The other things we will be able to see is how good Google Analytics is at calculating visitor loyalty, not to mention record browser and OS usages (I do not expect any problems here).
During the test an independent statistic system will record exactly what is going on the test site. And, the test site has never been used with Google Analytics before.

I will run these tests next week - then give me another week or two to write the final report.
Stay tuned.
Jonathan - May. 25, 2007
This is noble work and I await the results.
However, the fact that you (and others) have noticed these discrepancies illustrates why I have a rather cautious view (to say the least) of web analytics. Every time I have used such systems (and I've used many over the years) I have come to the conclusion that they confirm to the law of diminishing returns. If you expect a web analytics package to tell you some subtle or hidden "tuth" about your site, you are doomed to be consumed by doubt: either about the accuracy of what it's saying, or your capacity to understand it.
The best you can do to avoid insanity is to keep half an eye on general trends such systems show you. Do not agonise about whether report X is consistent with report Y, or whether it's under counting proxy requests from AOL or something. Therein madness lies.
And don't even think about the issue of whether a page-based tracking model is appropriate for asynchronous interactions...!
Thomas Baekdal - May. 25, 2007
Uffe, Thanks!
Jonathan, My report will be about two main topics.

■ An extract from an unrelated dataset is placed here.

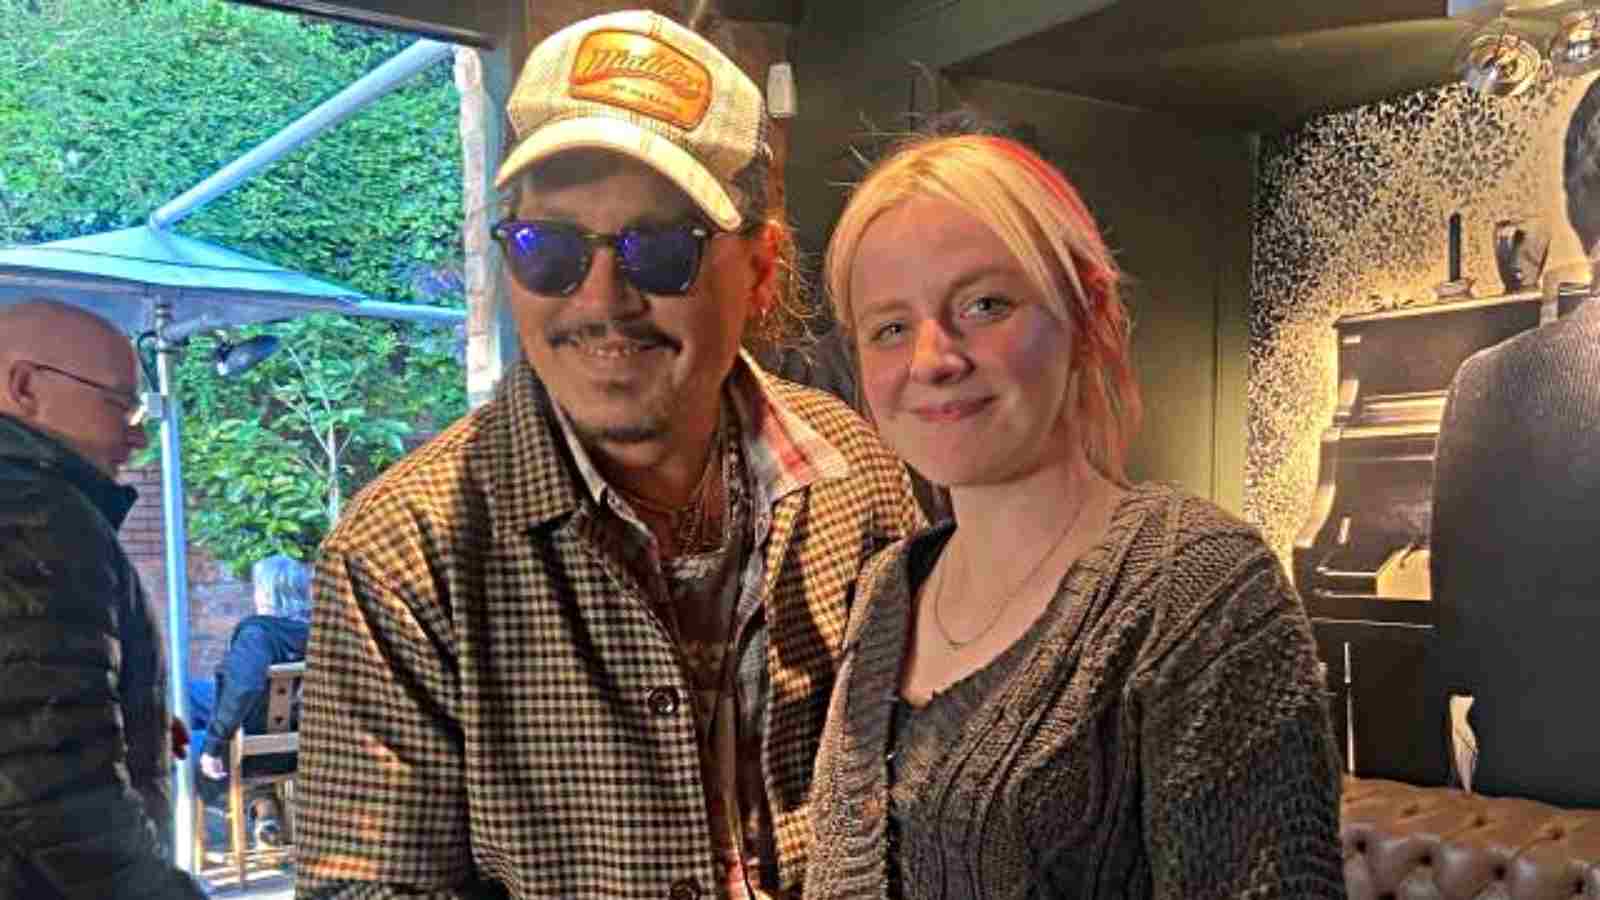 Johnny Depp gives parenting advice to a pregnant bar manager

1: The results of my study (above)
2: to illustrate some of the more misleading reports (e.g. use of AJAX vs. pageviews - good point) and how to make some sense of it.
Thomas Baekdal - Jun. 6, 2007
The analysis has been delayed - I am having some problem with it (Google doesn't find the tracker in my test site).
Gamermk - Jul. 5, 2007
Average Loyalty = Page Views / Uniques
Doesn't the above make page view count useful?

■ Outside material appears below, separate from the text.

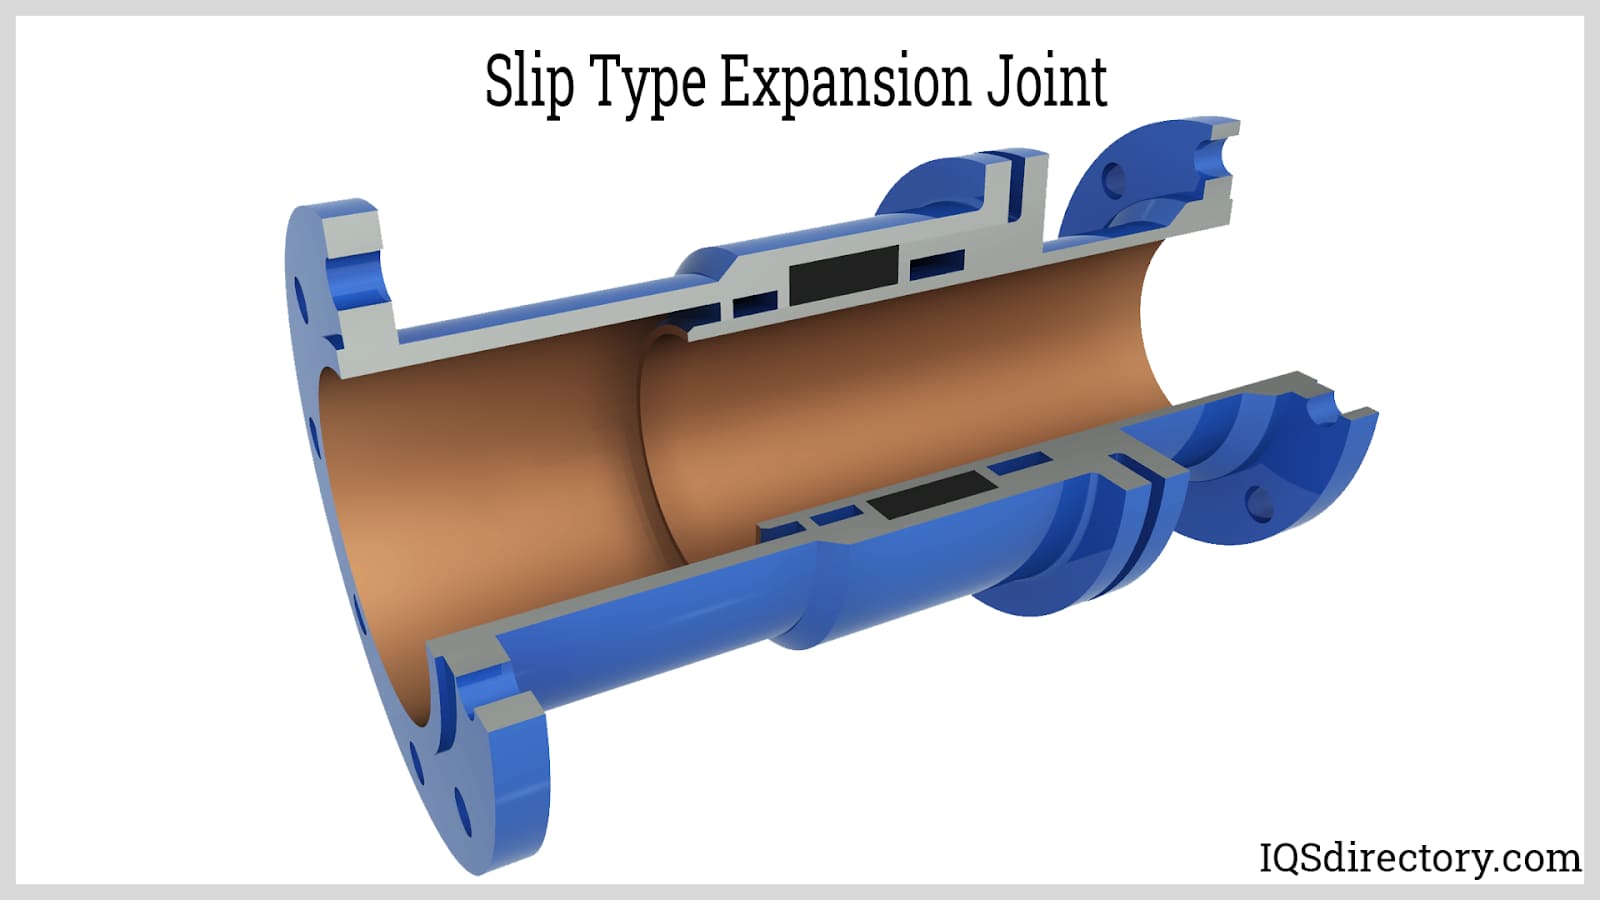 Slip Type Expansion Joint

Thomas Baekdal - Jul. 5, 2007
Nope... :)
How loyal people are has nothing to do with how mange times they see a page.
Thomas Baekdal - Jul. 5, 2007
Here is an example: If you got 10 people visiting your site - one of them sees 100 pages in one day, the rest of them only one page in a month - then the average loyalty is 10.9.
In reality you got 0 loyal visitors. The one who saw 100 pages cannot be said to be loyal, because it is not the number of pages that count, but how often people revisits the site. And while he read 100 pages (or more likely something like 17 pages, because the rest was counted just by navigating), he didn't return the day afterwards.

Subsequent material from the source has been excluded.